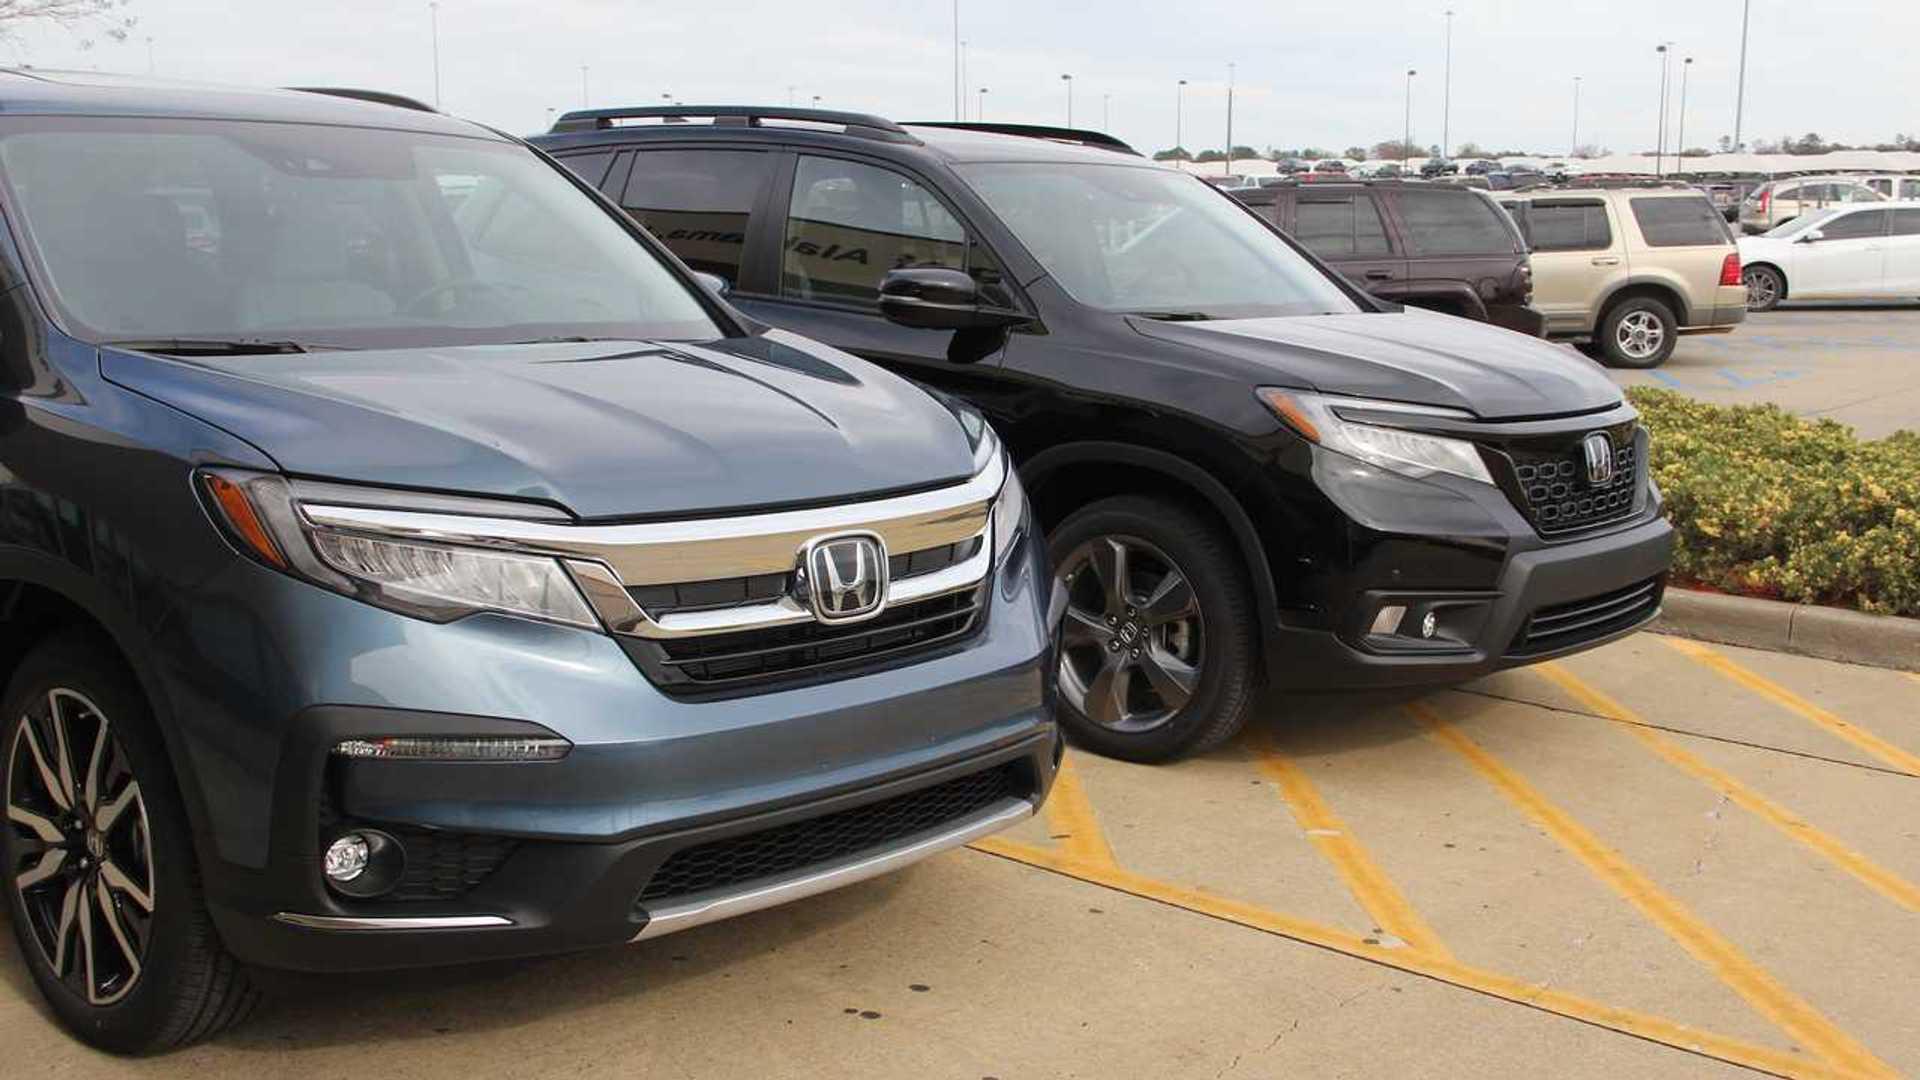 2020 Honda Passport Vs Pilot All Differences >> See The Differences 2019 Honda Passport Versus 2019 Honda Pilot
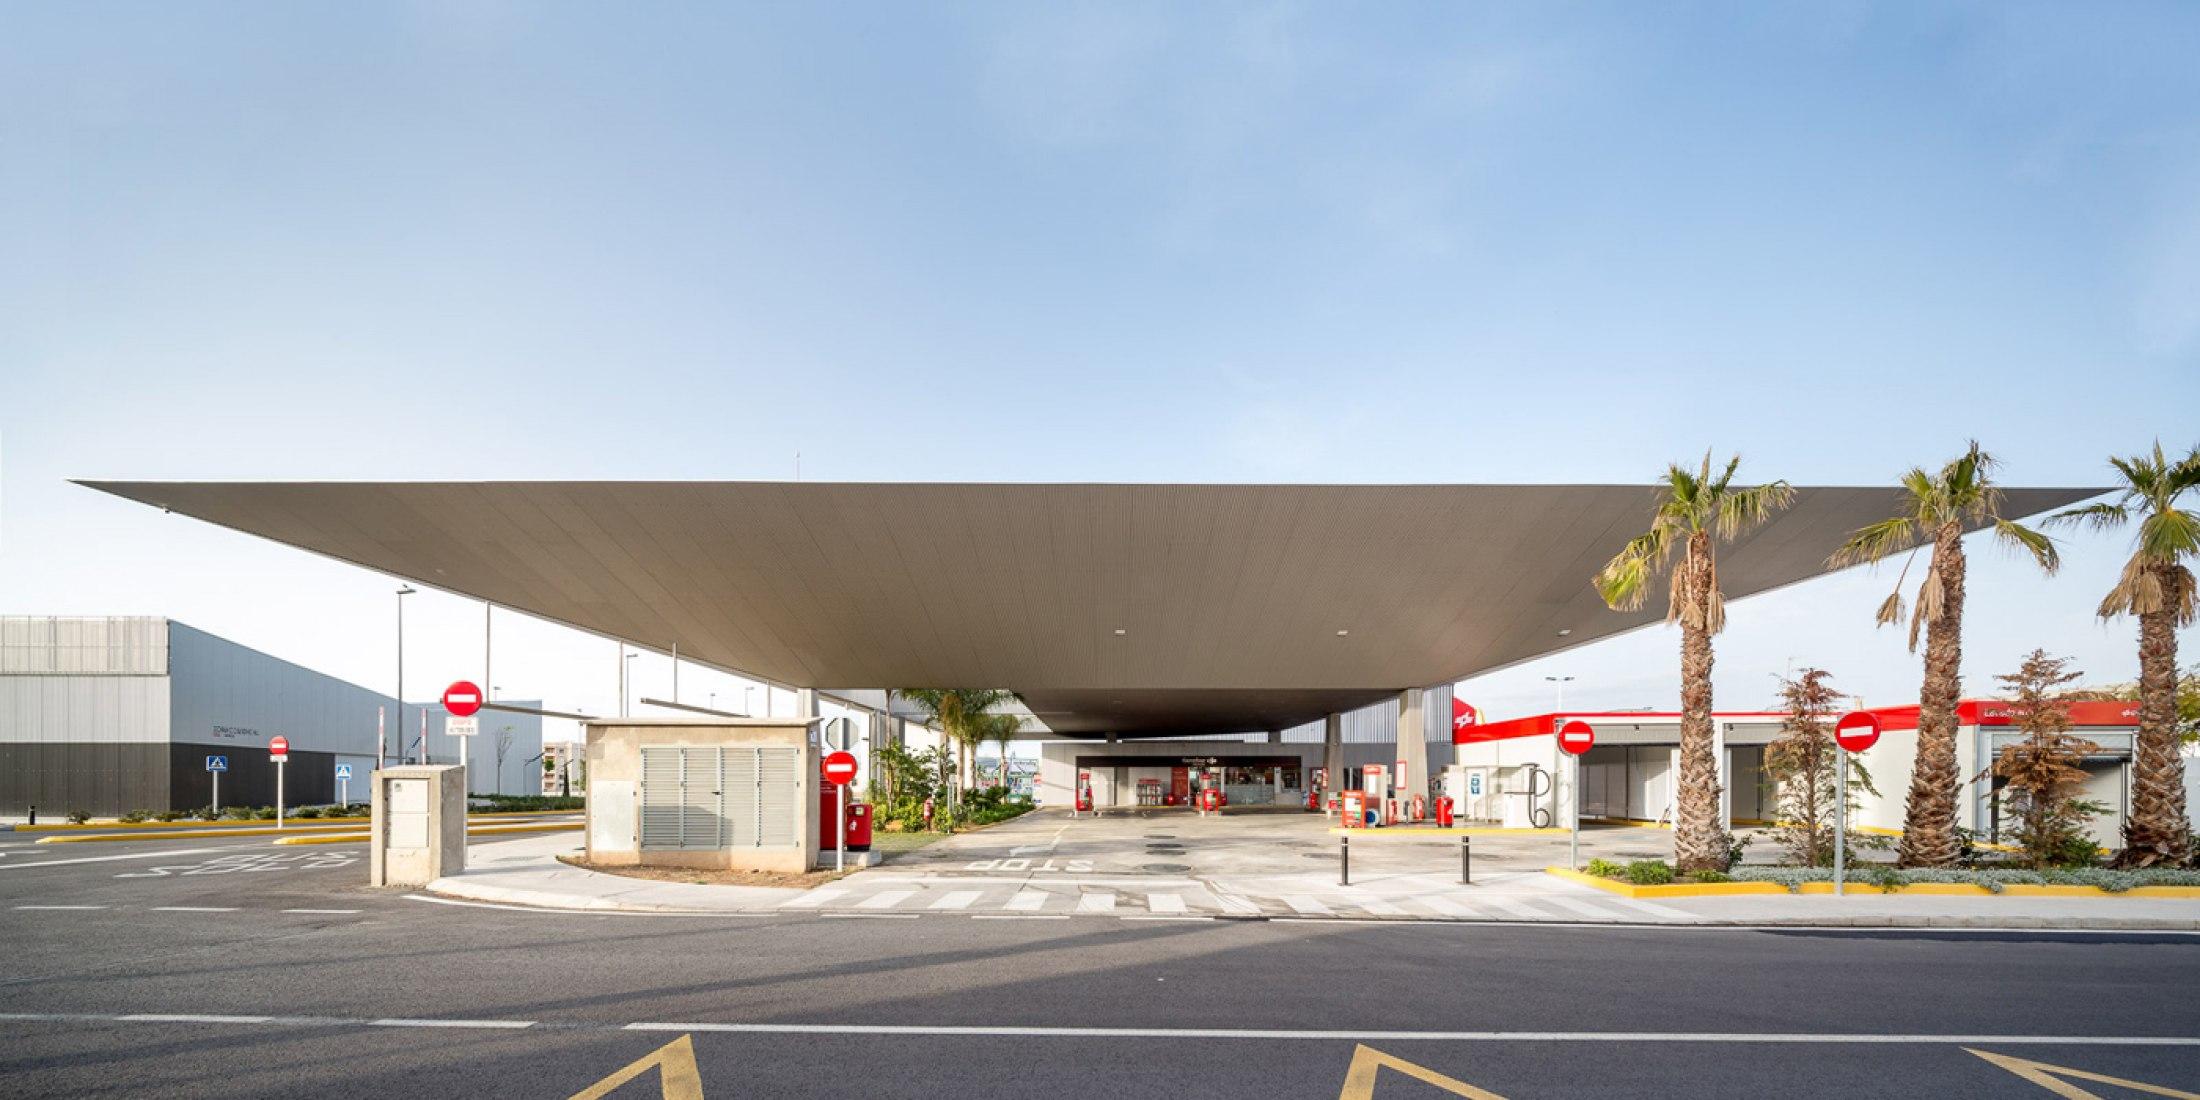 Santa Pola bus station by Manuel Lillo and Emilio Vicedo. Image © Filippo Poli
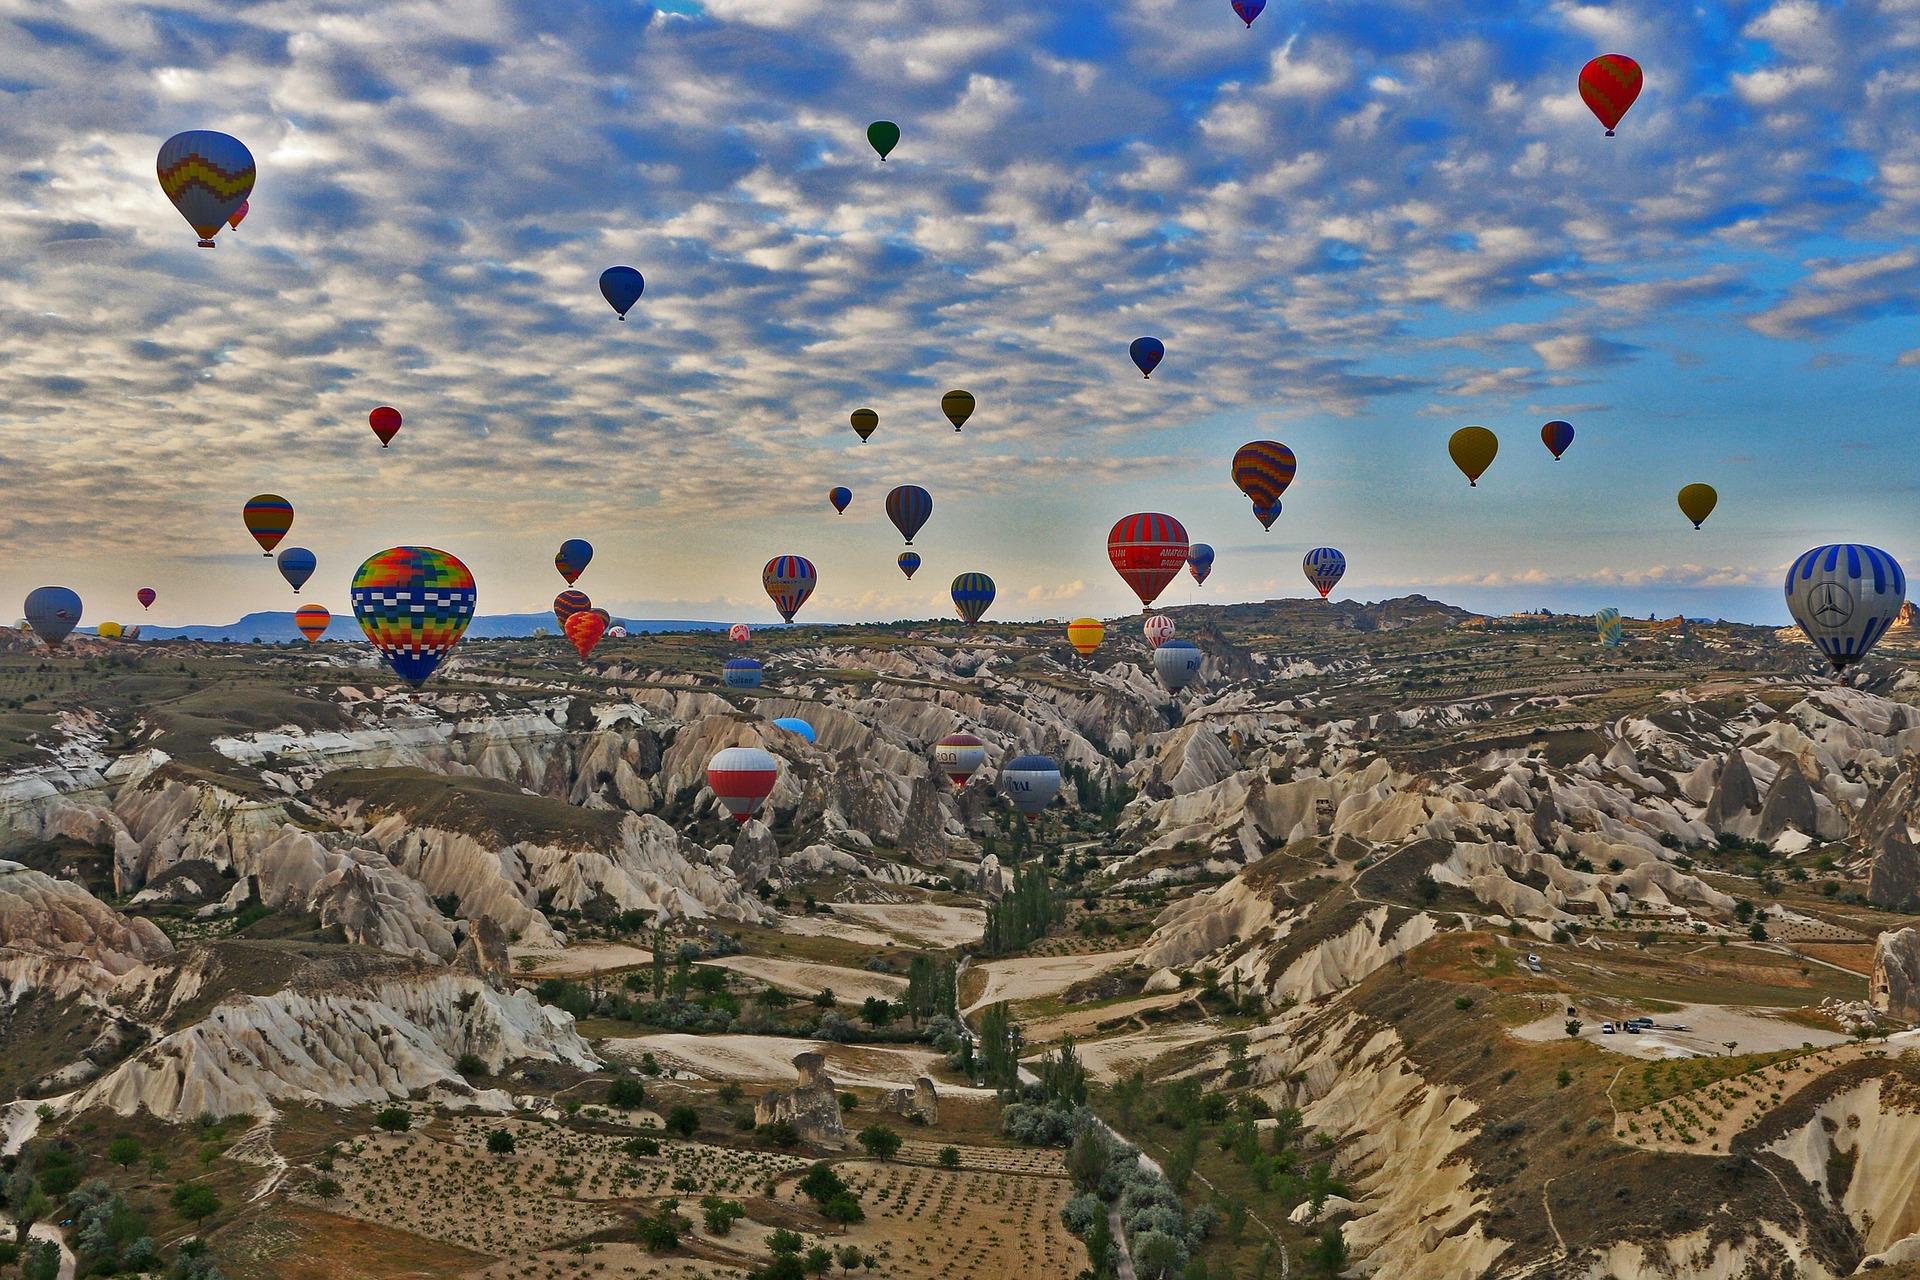 Cappadocia Map - Things to do in Cappadocia - TURKEY TRAVEL ... on ardahan map, ankara map, dolmabahce palace map, pamukkale map, carpathian mountains map, anatolia map, turkey map, tatev monastery map, kayseri map, lycian sea map, macedonia map, bitlis map, nevsehir pazar map, cilicia map, underground city, mount nemrut, campania map, pontus map, troy map, goreme map, mount ararat, derinkuyu underground city, phthia map, ephesus map,

........

## What to produce
When you write out the material again, keep every word exact and omit the pictures.

## Your response
 2020 Honda Passport Vs Pilot All Differences >> See The Differences 2019 Honda Passport Versus 2019 Honda Pilot
 Santa Pola bus station by Manuel Lillo and Emilio Vicedo. Image © Filippo Poli
 Cappadocia Map - Things to do in Cappadocia - TURKEY TRAVEL ... on ardahan map, ankara map, dolmabahce palace map, pamukkale map, carpathian mountains map, anatolia map, turkey map, tatev monastery map, kayseri map, lycian sea map, macedonia map, bitlis map, nevsehir pazar map, cilicia map, underground city, mount nemrut, campania map, pontus map, troy map, goreme map, mount ararat, derinkuyu underground city, phthia map, ephesus map,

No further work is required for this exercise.